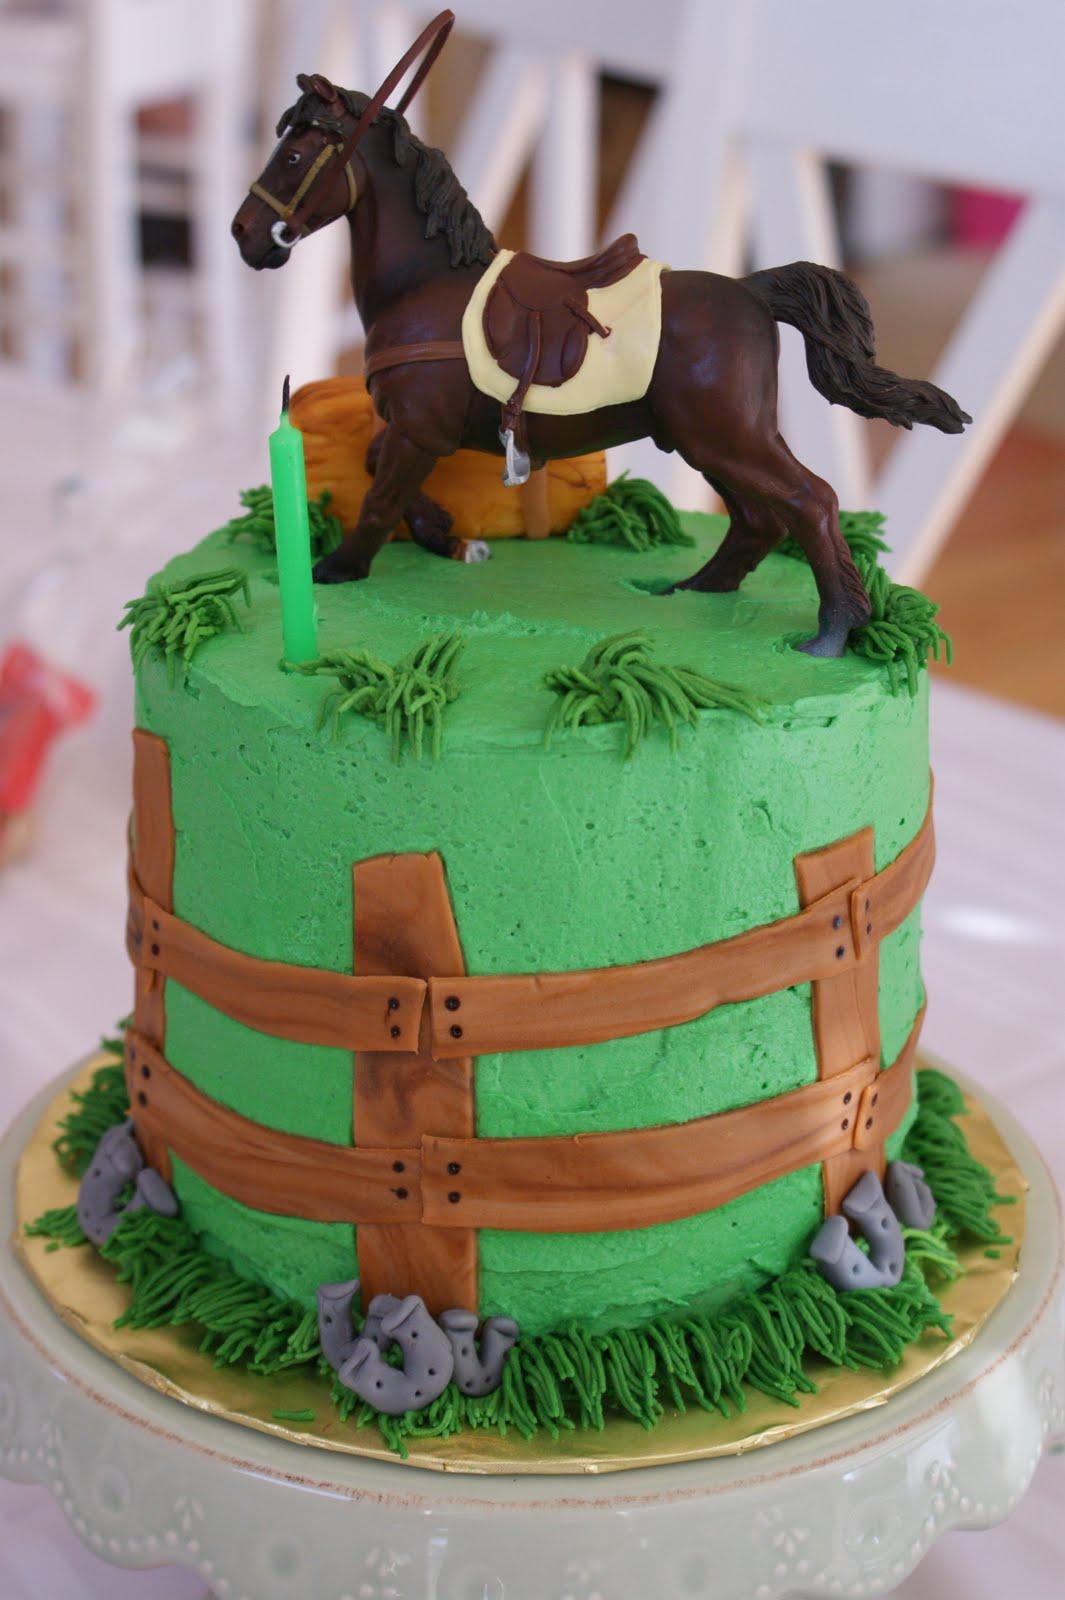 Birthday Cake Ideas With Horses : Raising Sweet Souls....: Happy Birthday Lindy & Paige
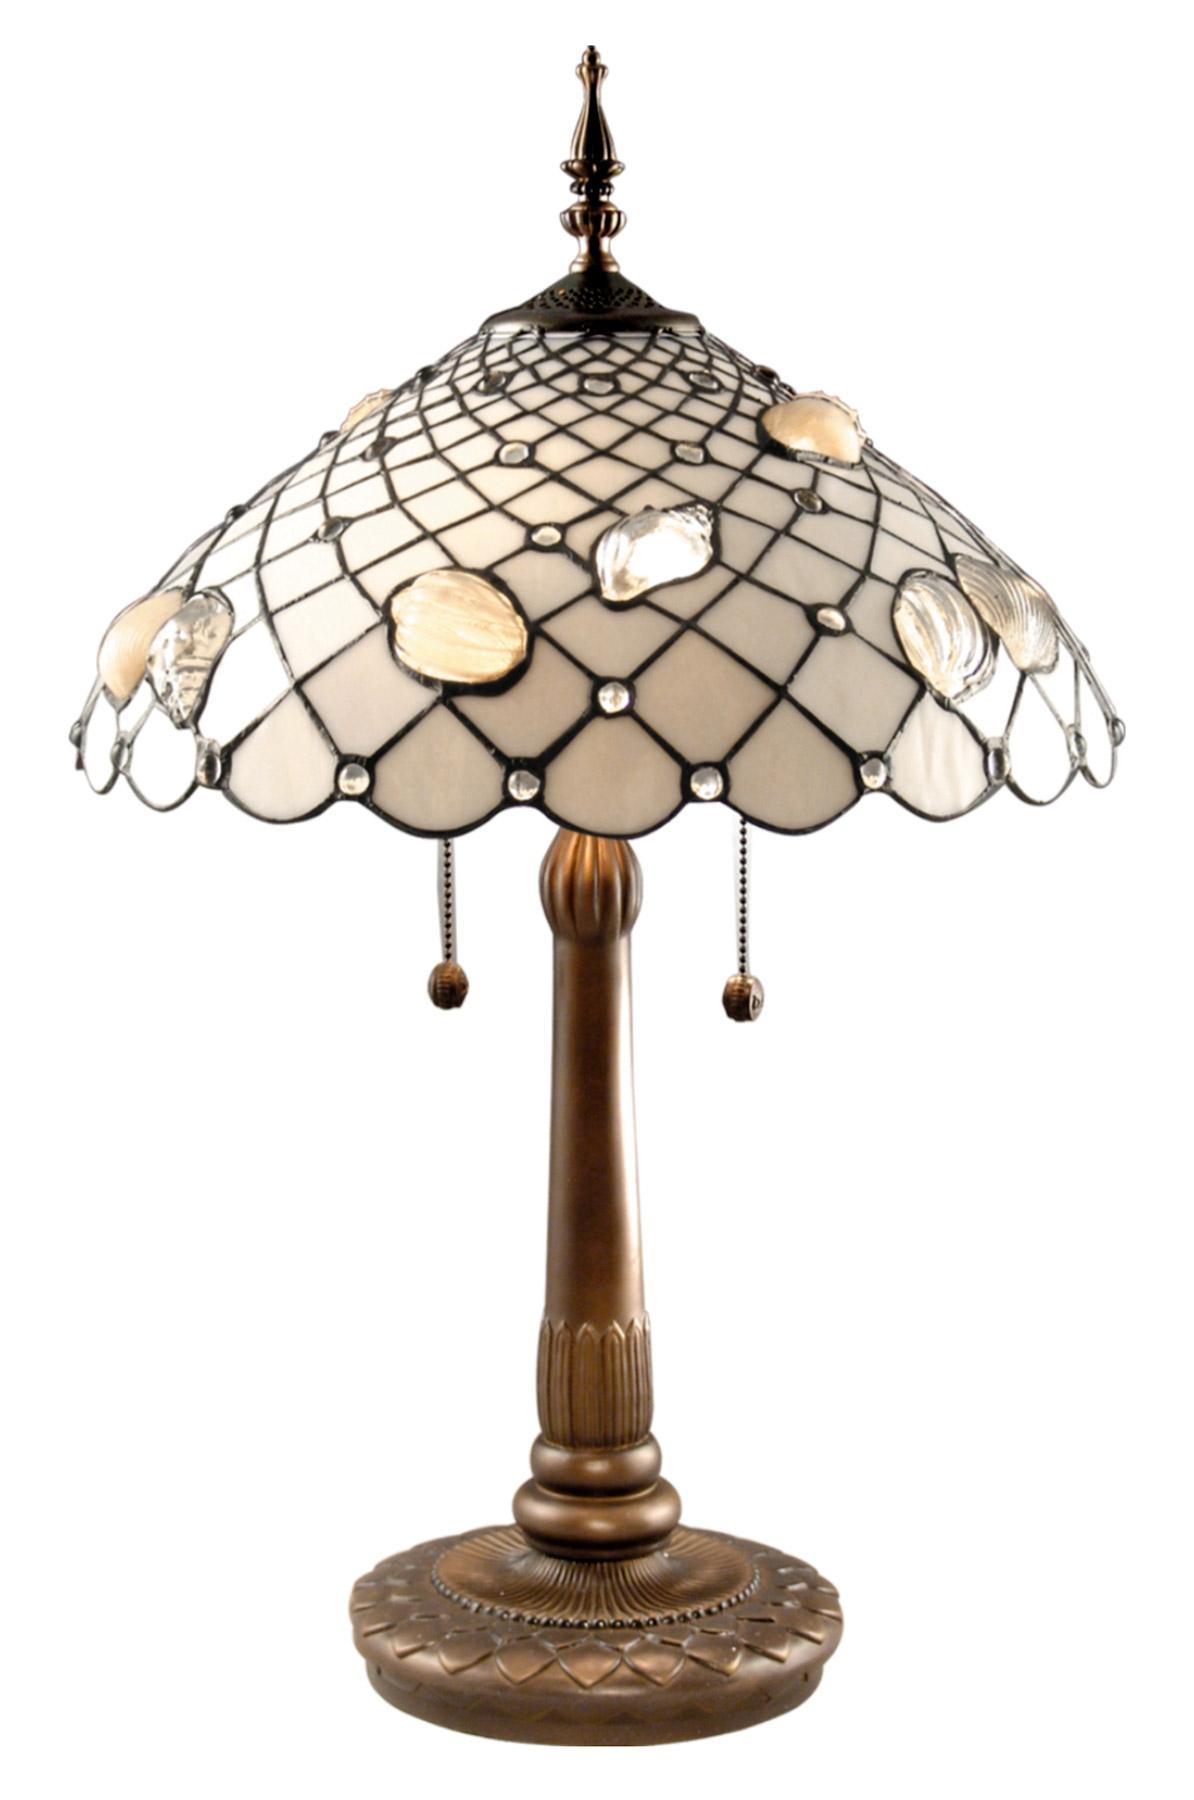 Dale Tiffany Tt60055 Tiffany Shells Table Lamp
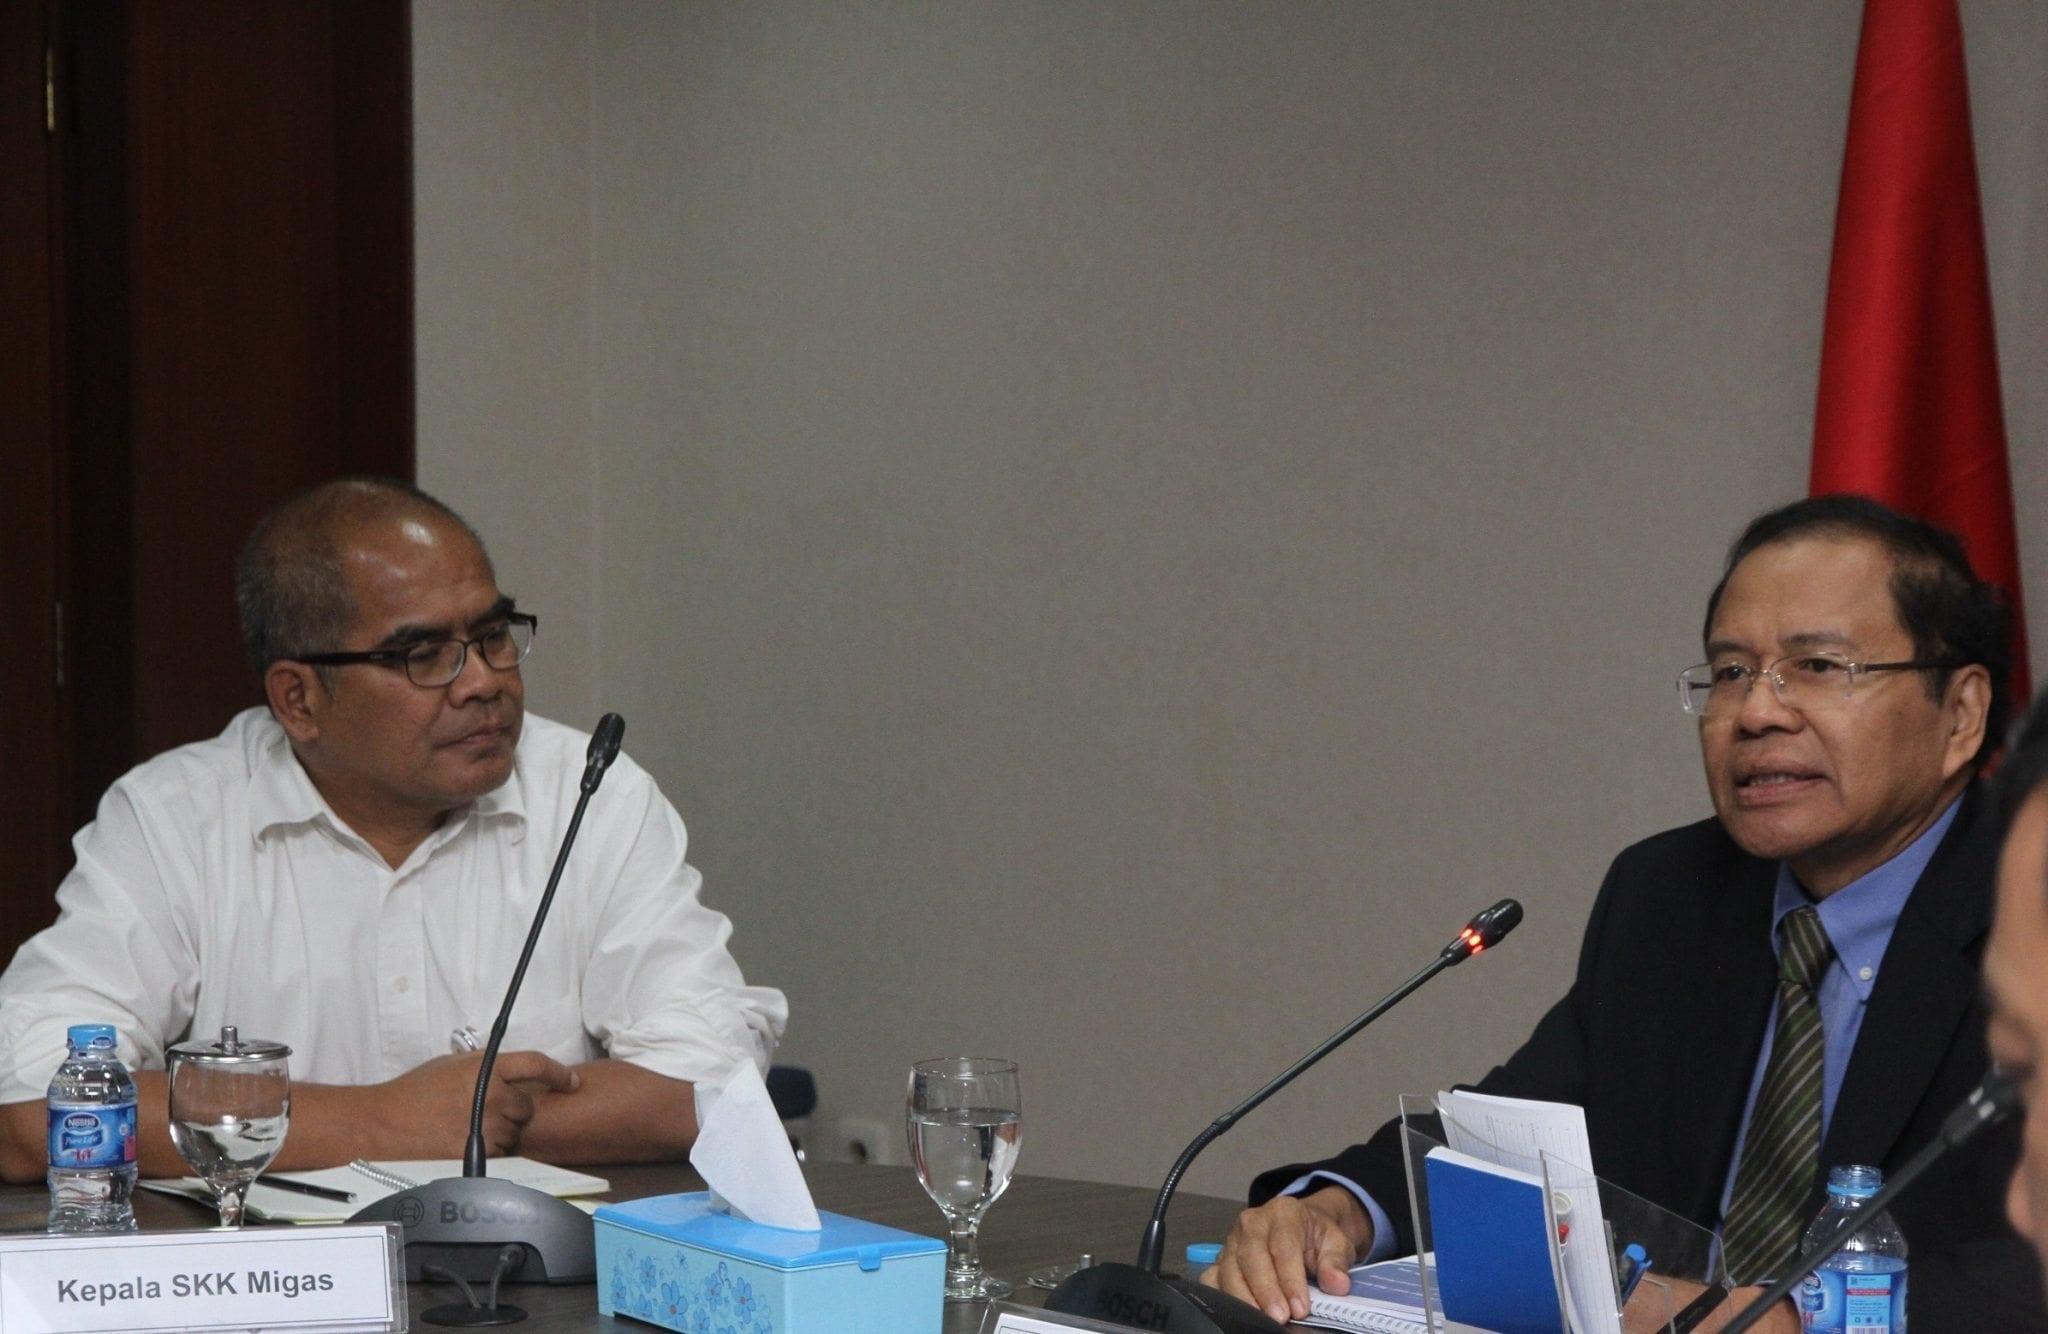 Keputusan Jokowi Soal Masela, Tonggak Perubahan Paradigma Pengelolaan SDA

- - -

Instructions to follow: From the first line to the last, output the data exactly; skip any pictures.

Problem solution:
 Birthday Cake Ideas With Horses : Raising Sweet Souls....: Happy Birthday Lindy & Paige
 Dale Tiffany Tt60055 Tiffany Shells Table Lamp
 Keputusan Jokowi Soal Masela, Tonggak Perubahan Paradigma Pengelolaan SDA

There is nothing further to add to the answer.